-- William Gibson, All Tomorrow's Parties
Today was a good day. The plan was for me to come up to Bethlehem Friday night for the start of the Celtic Classic festival, but work interfered. So Saturday morning, I got up at 0500, showered, dressed, called a cab. Saw a squirrel running along phone lines, no doubt going about some evil machinations. Saw a Deer Park water bottle full of what appeared to be urine sitting on a sewer grate at 9th and Spruce. Sat in the Greyhound station for an hour or so, trying to read The Dark Tower while a woman sat next to me prattling in Spanish on her cell phone so fast it was almost impossible to recognize as language.
The brief pauses as she listened to the few words whoever she was conversing with could get in before reattaching to whatever ranting thread she was spinning out.
Eventually the bus comes, and I get on, and try to sleep against the constant droning of some woman boring (I can only imagine he was just being polite) the hell out of the bus driver.

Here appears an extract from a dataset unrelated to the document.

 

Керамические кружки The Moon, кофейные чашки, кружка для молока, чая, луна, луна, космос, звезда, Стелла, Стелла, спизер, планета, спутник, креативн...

Reiterating her points over and over, such as they were, using minutely changed phrasing and then agreeing with herself.
Get to the Allentown station, climb into the car with Gloria and Rik, and almost fall asleep. Hang out for a bit at their apartment, then decide to head out for the parade. As we're walking up the street, we run into John and his girlfriend, M. (whose name I am not going to try to spell). Good timing. We go and watch the parade. Many drunk men in skirts playing bag pipes. A number of school bands are also in attendance. Several convertible PT Cruisers are in the parade as well, which was somewhat jarring. The drivers all looked to be car salesmen. Slicked back hair, the works.

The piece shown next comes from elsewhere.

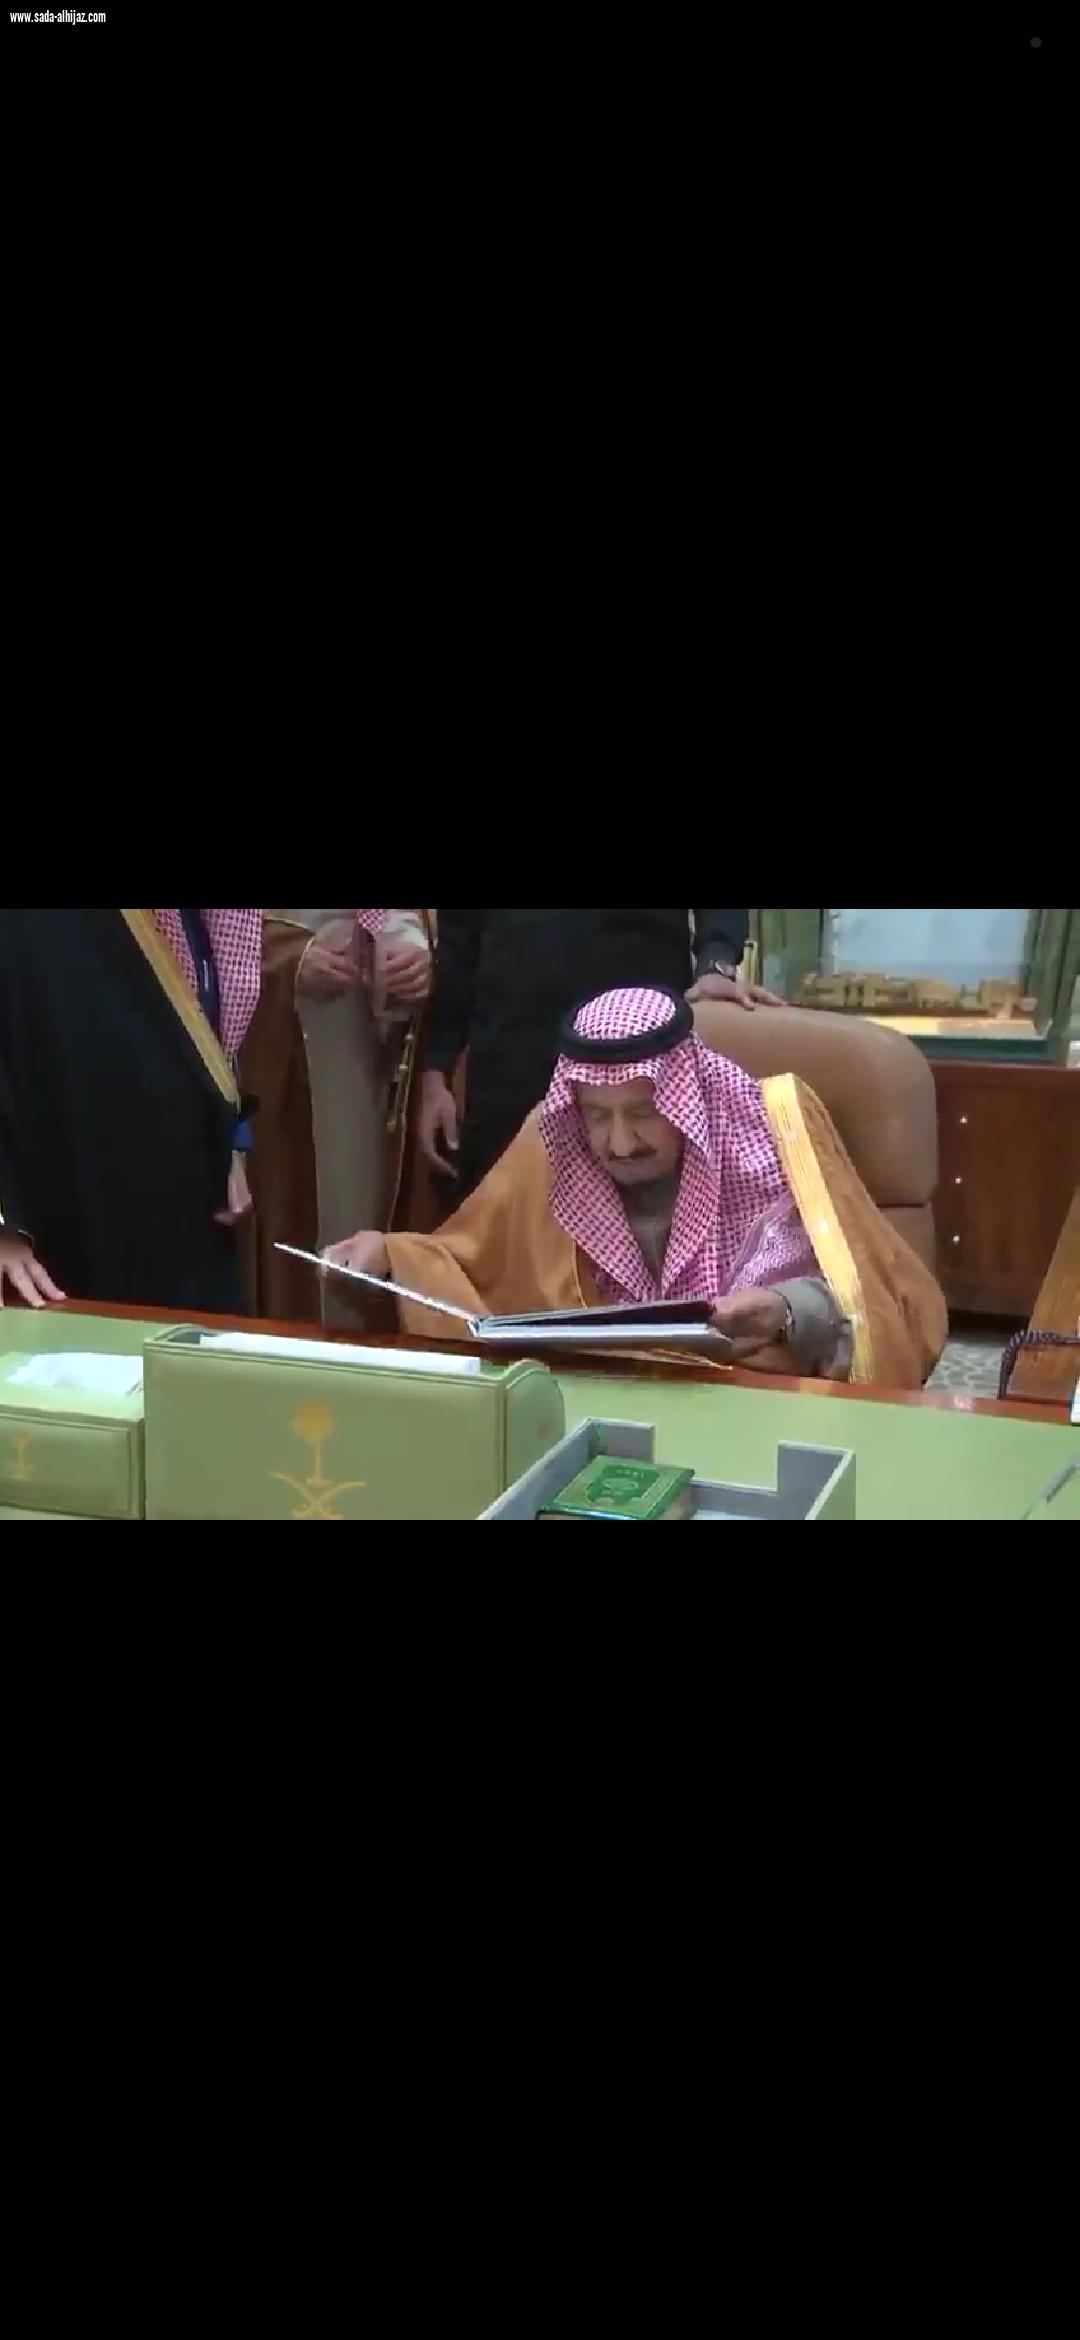 الملك سلمان يزور مكتبه بالاماره السابق

Eventually we made our way to the festival itself. I had a meat pie of some sort. There was some dancing. Some cupar tossing and weigth for height throwing. Unfortunately we couldn't actually see the guys tossing the cupars; the crowd was so thick we saw only what appeared to be telephone poles moving under their own power, and sometimes, if they wanted it enough, jumping into the air, and possibly spinning when they hit the ground.
I got sunburned, which is something that hasn't happened in ages.
Went to go see Shaun of the Dead, which I highly recommend, even if you aren't into zombie movies. It was all sorts of funny.
There were two kids that sat in our row who had to be trying to look like Jay and Silent Bob. If they weren't, they must have been lost, because Jersey is miles and miles from here.
The Seed of Chucky preview ended on a line that made Rik, Gloria and I groan: "GET A LOAD OF CHUCKY." Awesome.
Went to the Golden Gate Diner (which, as Rik found out after asking the owner after our meal, was named after the Greek Golden Gate to Heaven, and not after the fact that much Bethlehem steel went into the Golden Gate Bridge; as always I love when names work on multiple levels, so I was very amused) for dinner. I ate too much, but seeing as how I had a small meat pie and three tacos in the last two days, I'm not too worried about it.
I am unhappy that neither Pete or Michelle got to hang out with the tildekids today, as it's such a good, relaxing group. C'est la whatever, I suppose.
Time to read some more Dark Tower, and then sleep. I'm about two hundred pages from the end... and I'm scared of what King is doing. I don't know that it's bad. But it isn't good.
Mostly I'm afraid it may be right...
I read that book. He totally dies. And when the rest of them stop the Breakers from toppling the Tower, they fly a plane into it. King is teh sukc.Posted by: Dan at September 26, 2004 1:39 PM
Also, unless you're speaking in some sort of Irish dialect wherein the rules of spelling and grammar go out the window, it's "caber".Posted by: Dan at September 26, 2004 1:42 PM
Heh, no, I was just half awake when I posted this. :)
Also, King did that at the end of "Running Man". :PPosted by: bda at September 26, 2004 2:35 PM
Shaun of the Dead was friggin awesomeish.
The theater we went to (in Hamilton, NJ) decided to have pre-previews previews. No kidding. Previews for two movies BEFORE they start rolling the fucking commercials BEFORE the previews BEFORE the movie.
A half hour of "go see this! buy that!" shut up.
It was redeemed with staggering and groaning, to say the least.
Hahahaha Bethlehem PA!
1. Moravian College or whatever: your security guys blow.
2. 8947339875948375493087 former employees of Bethlehem Steel (locations throughout the country) are suing Halliburton for asbestos exposure - they're all sickysick. They made me sad all summer.